Rosel George Brown

I admit: I’ve been intrigued by Rosel George Brown since I discovered her existence earlier in this project. Primarily, I’m intrigued because I had never heard of her and yet, she was nominated for Best New Writer in 1958. So I went to Wikipedia and discovered that she died in 1967 at the age of 41, nine years after her first short story was published in Galaxy. I then hopped over to The Encyclopedia of Science Fiction, which had less information on her than Wikipedia (sad, that, to my mind anyway), where the only useful thing I found was a link to the Internet Science Fiction Database.

I know the information on all three sources—Wikipedia, The Encyclopedia of Science Fiction, and ISFDB—are woefully inadequate when it comes to my own work (and, frankly, I’m too lazy to update), so I didn’t expect any of them to be 100% accurate. Since I’m just discovering, they’re a place to start. ISFDB has what looks like the most complete list of Brown’s work. Here’s the link.

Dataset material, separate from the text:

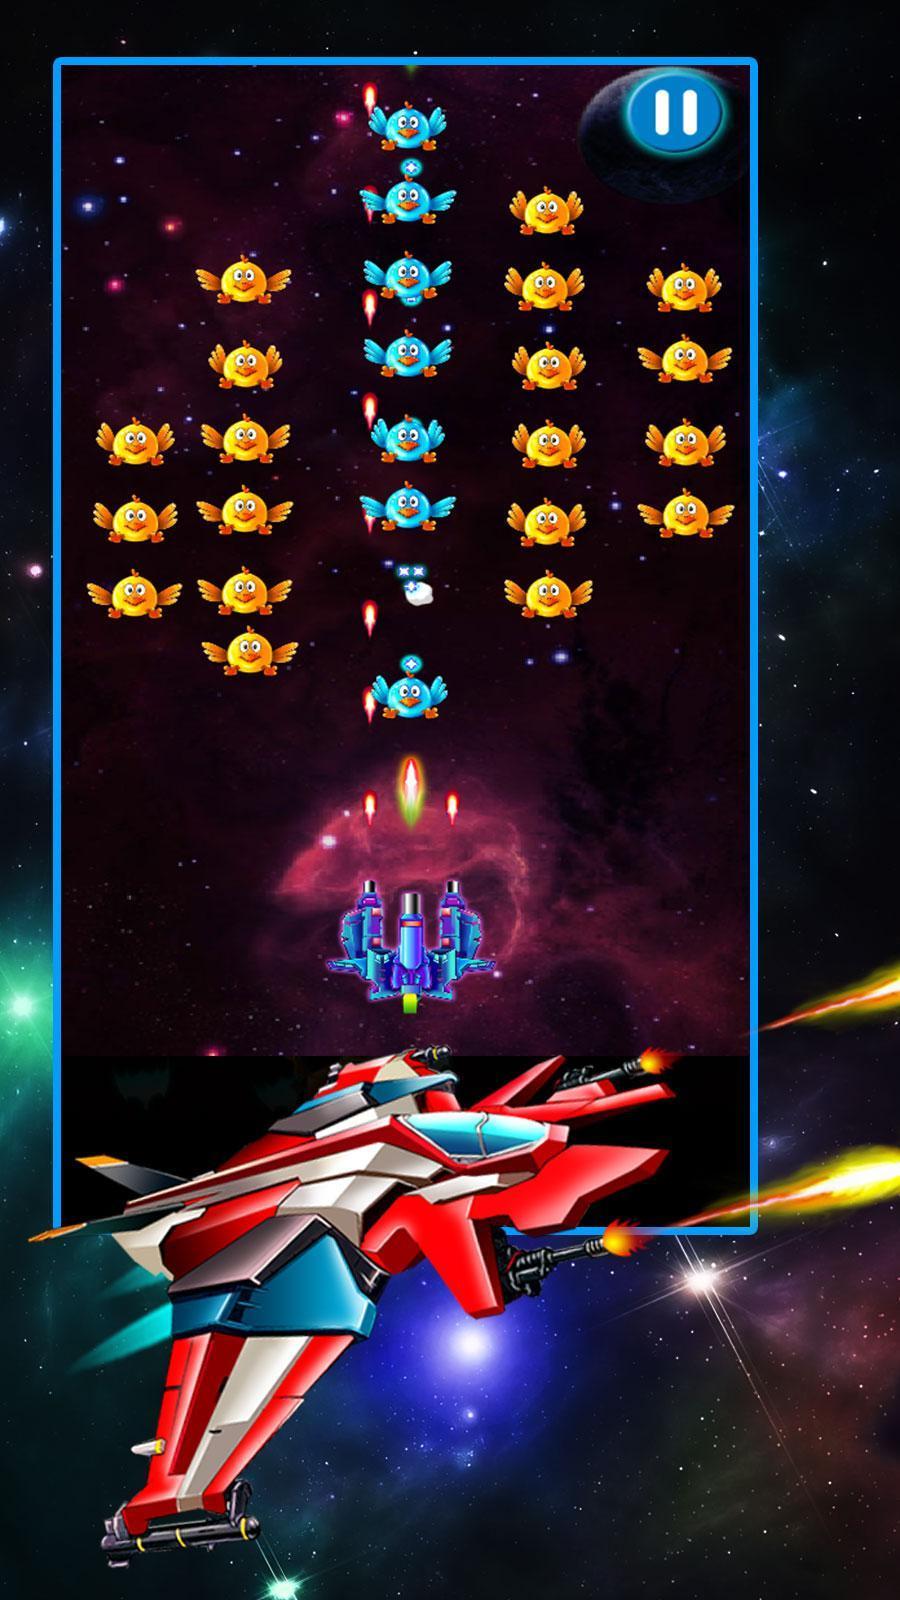 Chicken Shooter Galaxy Attack 2.8 Screenshot 13
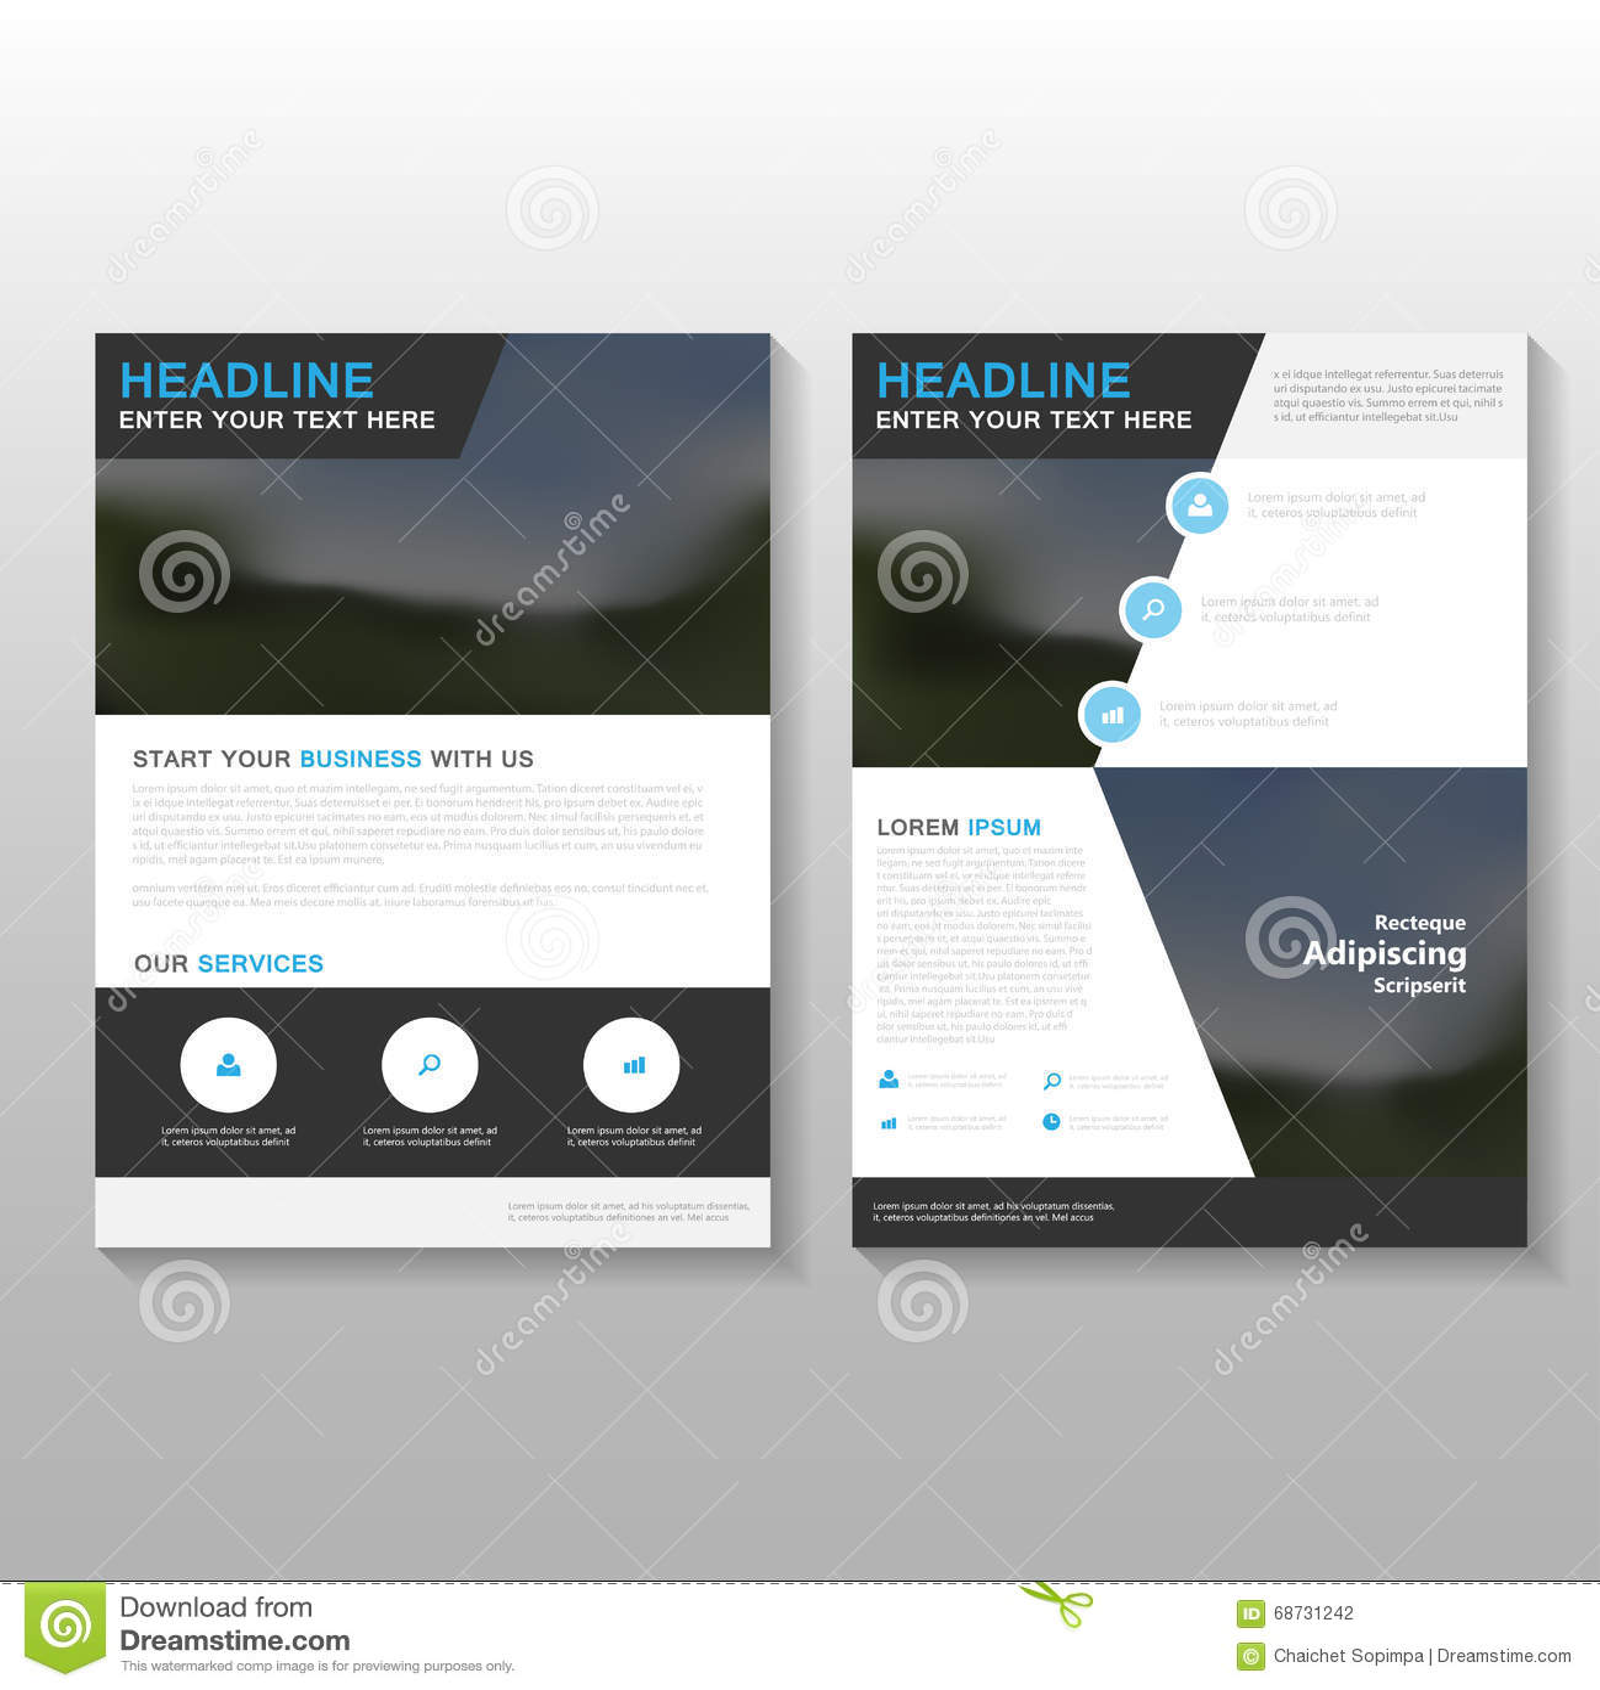 professional business cards template - Etame.mibawa.co

As far as I can tell, she published 21 short stories, three novels, and a space opera collaboration with Keith Laumer. You’ll find the collaboration and some of the stories in Earthblood & Other Stories, which was edited by Eric Flint.

Brown’s stories in that volume were intriguing, very voice heavy, and had a lot of humor (some of which fell flat for me). Her voice was so strong that it felt vibrant, almost as if I could hear her telling the tales.

I’m going to see if I can find her one short story collection. I printed up the ISFDB list, so that I can read all 21 stories, even if I have to dig into Dean’s extensive digest collection (and read very very carefully). I’m also intrigued enough to look for her Galactic Sybil Sue Blue novels, featuring a female detective, which sounds right up my alley.

By the way, her name, which also intrigued me, was Rosel George. She married W. Burlie Brown, a professor at Tulane, and took his last name. Sadly, in his Wikipedia listing, she’s not mentioned at all. (He died in 2005.)

I knew this project would take me on a voyage of discovery. I expected to read stories I’d heard about all my life. I hadn’t expected to find writers who were major in their time, writers I’d never heard of at all.